Do you have an enclosed garage or anything? The rabbits don't need to be inside in the heat and the cold is actually not going to hurt them, the wind and other elements are the issue. So moving them into an enclosed area will help. 

We moved ours into our insulated (but not heated) garage last winter. We actually put up tarps along the back of the wall and caught the droppings in big bins that we dumped outside every few days. This worked pretty well for us. The biggest reason we wanted them inside the garage was more to keep the waters from freezing as some heat from the house escaped into there and we also had chicks at the time so we had a heat lamp running in there for them. We usually would have a fan running or on not as cold days we would have the windows open (wind came from the other direction but this allowed fresh air in). 

I will also say in the winters a do drop down to lower amounts of rabbits so I can move them from their normal barn.
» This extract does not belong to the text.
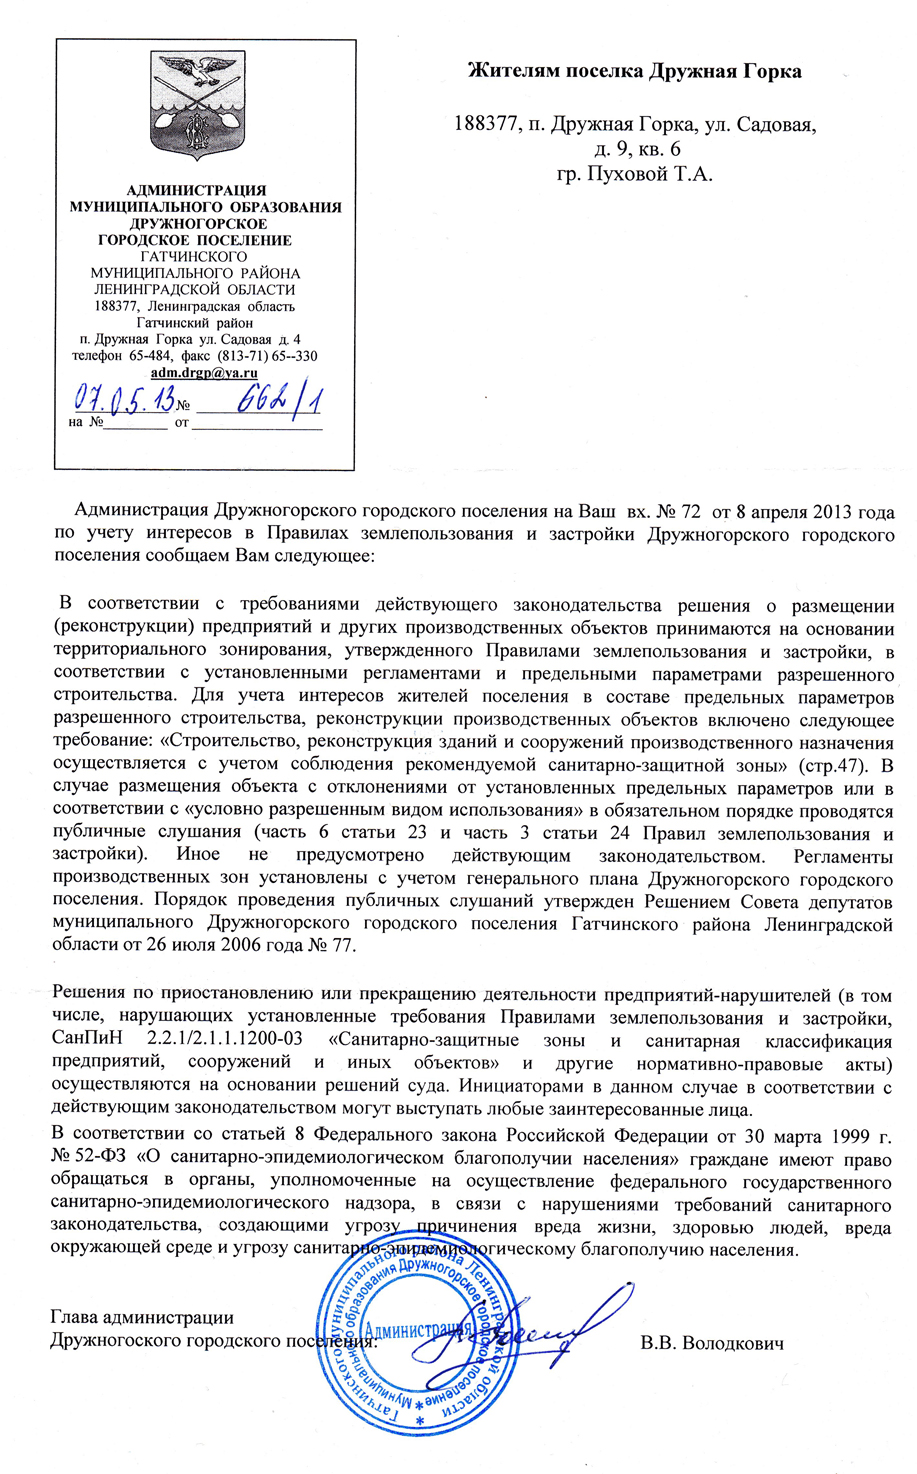 Ответ из администрации Дружной Горки Пуховой Т.А от 07.05.2013

Their normal barn is open on two sides so waters just freeze right away but the walls to block the wind and elements. Like this winter for example I dropped down to three does and I personally don't breed for litters to be born between late nov. and late feb. I actually just took my three does to a friends to be bred for an early March litter. The does currently live in the chicken coop which between all of the animals in there the waters don't freeze too bad. On really cold nights we set up a heater. 

The biggest thing with us moving the rabbits in from the cold is we don't want the waters freezing


----------